Volgende motivering wordt door de heer Werner Somers in zijn interpellatie vermeld:

"Op 5 januari 2016 stond het volgende punt op de agenda van het Ninoofse schepencollege: „35. Ruimtelijke ordening - B/2015/339 Weigering - verbouwen van een handelsruimte naar meergezinswoning - Stationsstraat 15, 9400 Ninove - aanvrager Milarid bvba". Dit punt werd toen verdaagd. Op 12 en 19 januari 2016 stond het punt opnieuw op de agenda en ook toen werd besloten het punt te verdagen.
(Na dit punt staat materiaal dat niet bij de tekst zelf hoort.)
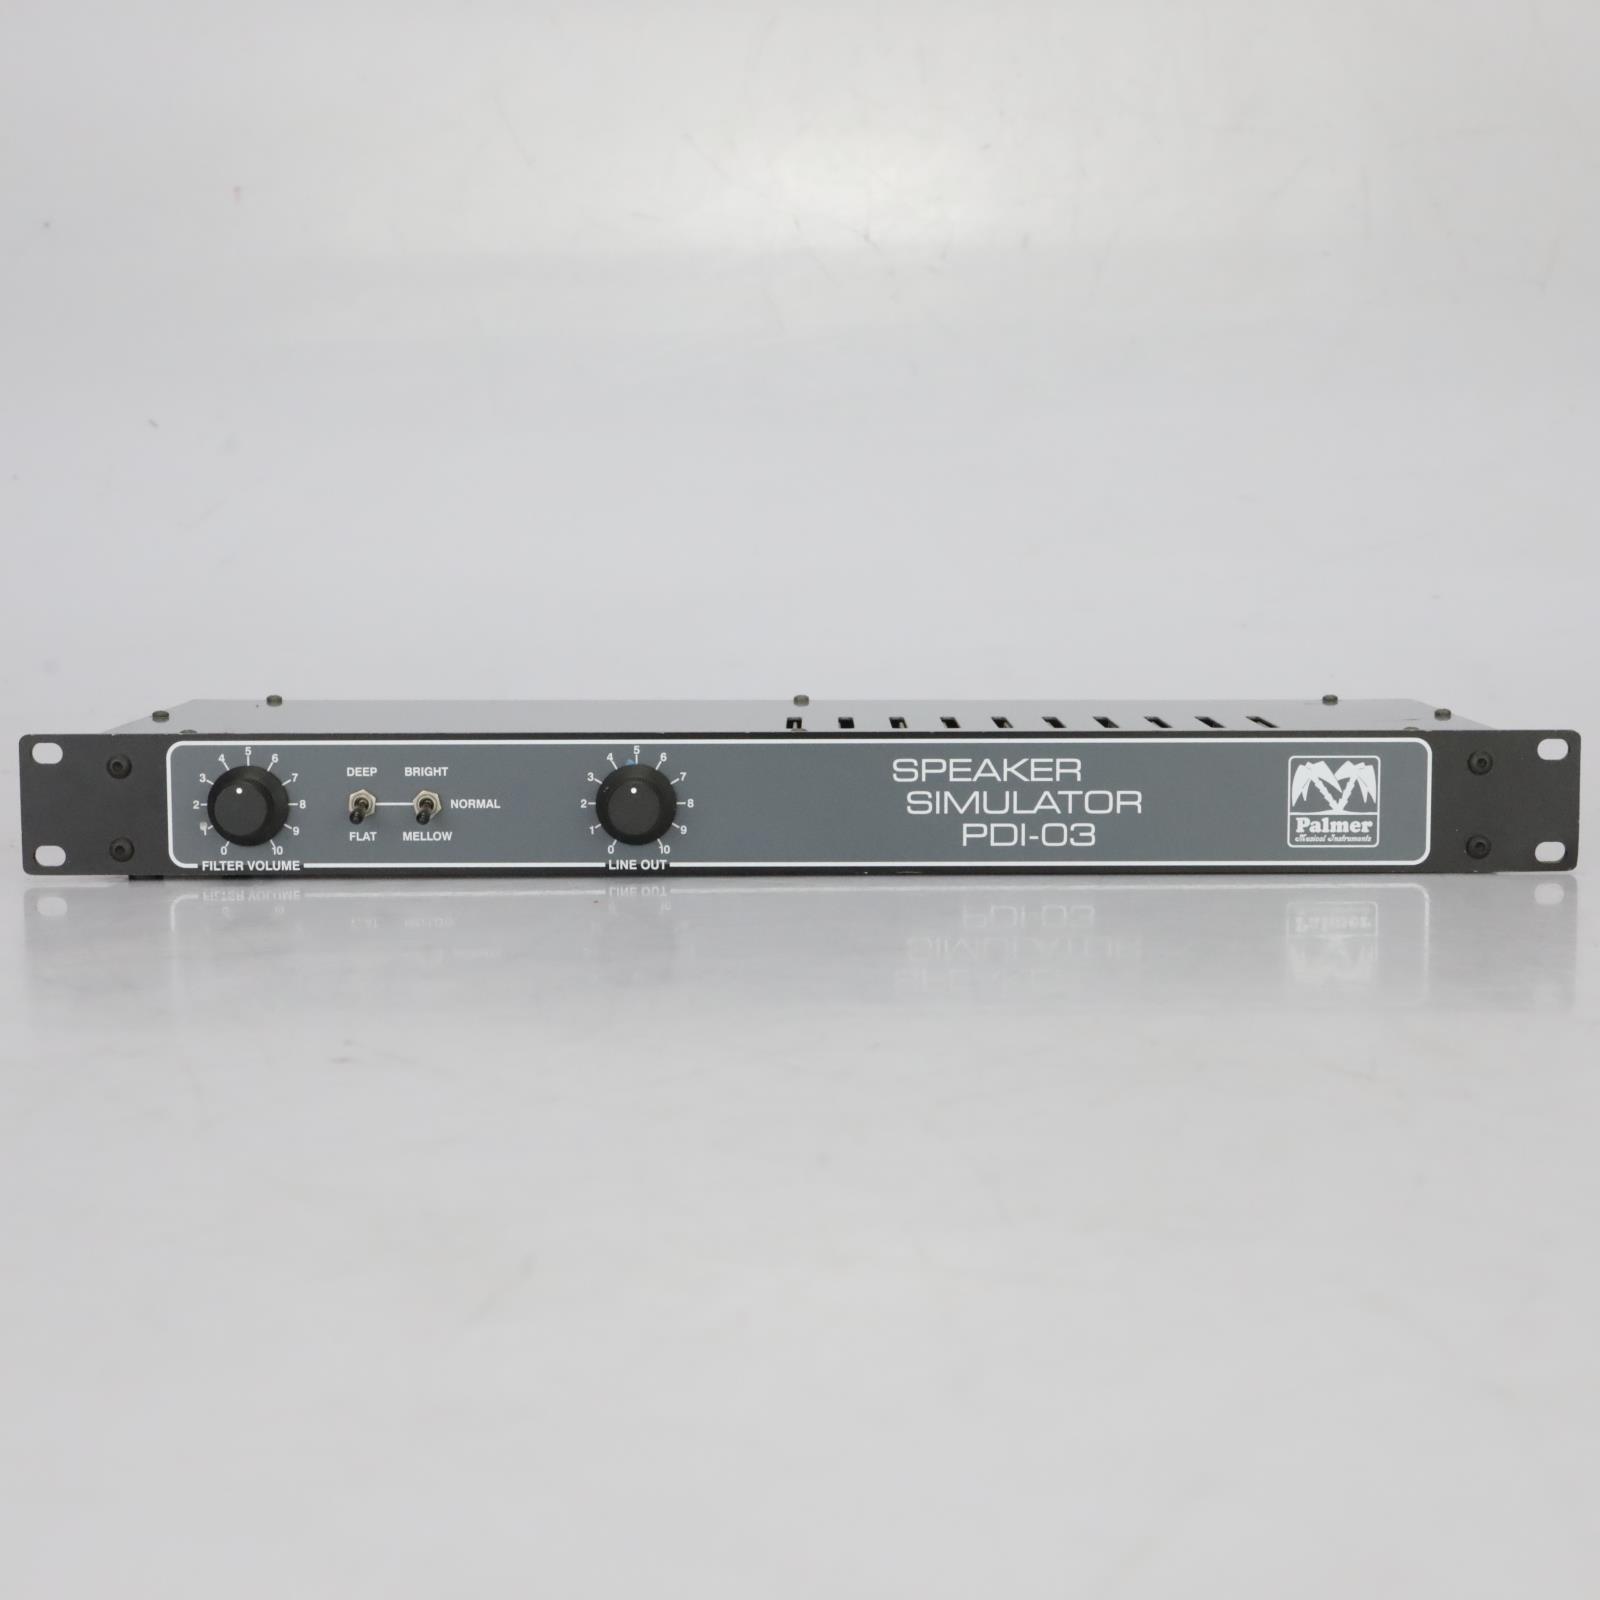 Palmer Speaker Simulator PDI-03 Guitar DI Splitter Interface #37735

Op 2 februari 2016 stond het punt voor de vierde keer op de agenda, maar nu was er niet langer sprake van een „weigering" en werd er besloten toch een  stedenbouwkundige vergunning af te geven, ondanks het negatieve advies dat over de bouwaanvraag werd uitgebracht door de gemeentelijke stedenbouwkundige ambtenaar.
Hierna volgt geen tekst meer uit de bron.